Assignment 4: Fair Elections of Animals (40 Points)
Chris Tralie
Overview / Logistics
The purpose of this assignment is to give you practice with recursion and ideas from permutation theory/sorting in a fun application to which the whole class has contributed: fair elections of animals. Each member of the class ranked a subset of animals that students volunteered on discord at the beginning of the course. In this assignment, we will define mathematically an optimal "average ranking" that incorporates everyone's choices in a fair and even way, and we will explore computational issues that arise when we attempt to create algorithms to compute this average ranking.
Though this is a pretty whimsical application of election theory, hopefully it will get you thinking about some of the computational issues involved with ranked choice voting as people begin to reckon with the myriad issues we have with fairness in our current democractic system. Click here to read a recent Time article on this topic.
Click here to review notes on Kendall-Tau and Kemeny Optimal rankings.
Learning Objectives
- Implement an exact and an approximate version of the same algorithm.
- Use recursion to implement both efficient and brute source solutions to problems.
- Manage permutations, orders, and sorts in arrays.
- Be introduced to the the notion of an algorithm reduction.
What To Submit
Submit your file ranking.py
to canvas
Programming Tasks
Click here to download the starter code for this assignment. You will be editing ranking.py
. Code has been provided for loading in the rankings and plotting a dimension reduced version of all pairwise ranking comparisons.
Rankings As Numbers
To keep things simple, if we have N items we're ranking, we'll label them from 0 to N-1 in some arbitrary order. In this assignment, we'll be using the animal votes that students cast, and we'll use the following labels (in alphabetical order of animal name):
0: Dog 1: Guinea pig 2: Hedgehog 3: Kangaroo 4: Owl 5: Penguin 6: Shark 7: Tiger
So, for instance, if someone gives the rankings
- Owl
- Hedgehog
- Guinea pig
- Kangaroo
- Penguin
- Tiger
- Shark
- Dog
then this would correspond to the list 4, 2, 1, 3, 5, 7, 6, 0
. I have intentionally kept the list small so we can explore all permutations of this list in some later tasks.
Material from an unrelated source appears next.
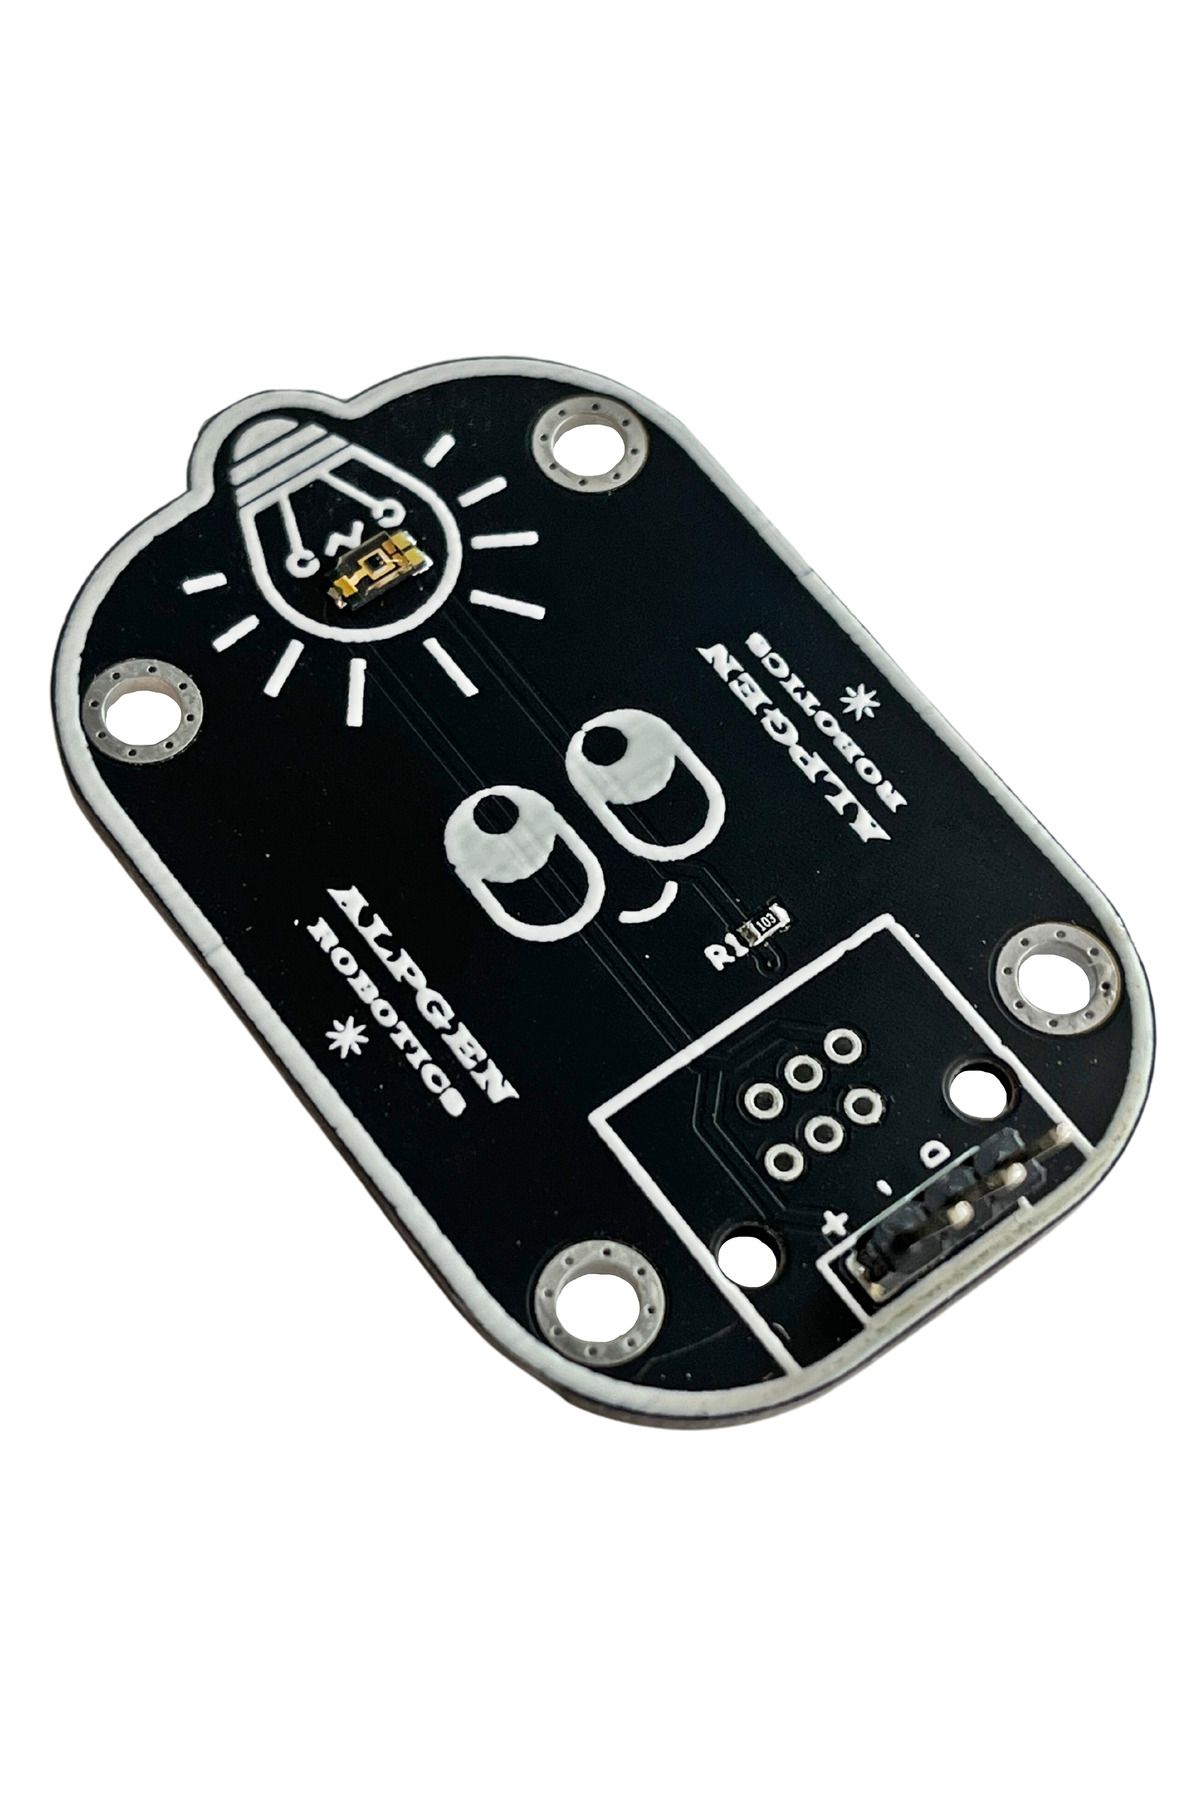 Arduino Tempt6000 Hassas Işık Sensör Modülü

In the starter code, you will see a method called load_permutations
which loads the class rankings from a text file that's been provided in the starter code. There is a list of 8 animal strings in alphabetical order. Then, the rankings of each student are represented as arrays of numbers between 0 and 7 which index this array. All of the rankings are stored in a dictionary, where the key is the student's name as a string, and the value is such a list. The data is shown below
Computing The Kendall-Tau Distance (12 Points)
Fill in the method kendall_tau
to compute the Kendall-Tau distance between two rankings. For N rankings, your method should run in O(N log N) time and use O(N) space. Review the technique here for how to do this using merge sort
To test this on the example in the background, you can write the code
If this works, you should see an output of 7, as explained in the background. For a more comprehensive example, you can run the method plot_mds_distances
, which will use a method known as multidimensional scaling (MDS) to come up with a set of 2D coordinates that best preserve the Kendall-Tau distances between every pair of raters (though it will usually introduce some distortion, for a similar reason to the fact that it's impossible to create a square map of the earth without stretching some areas). If you run the code below
You should see the following plot
You can study this plot to choose your next partner with whom to visit the Philadelphia zoo, or with whom to co-parent your next pet!
Diameter (6 Points)
As hinted by the MDS example above, the The Kendall-Tau distance is truly a distance, in the sense that it is a metric space. Even though we can't perfectly visualize it spatially without error, we can still reason geometrically about it with numerics. For instance, we can search for the two rankings which are closest to each other in this space. In this case, those would be
who are at a distance of 3 from each other; they agree except for the the pairs(3, 5), (4, 6), (2, 4)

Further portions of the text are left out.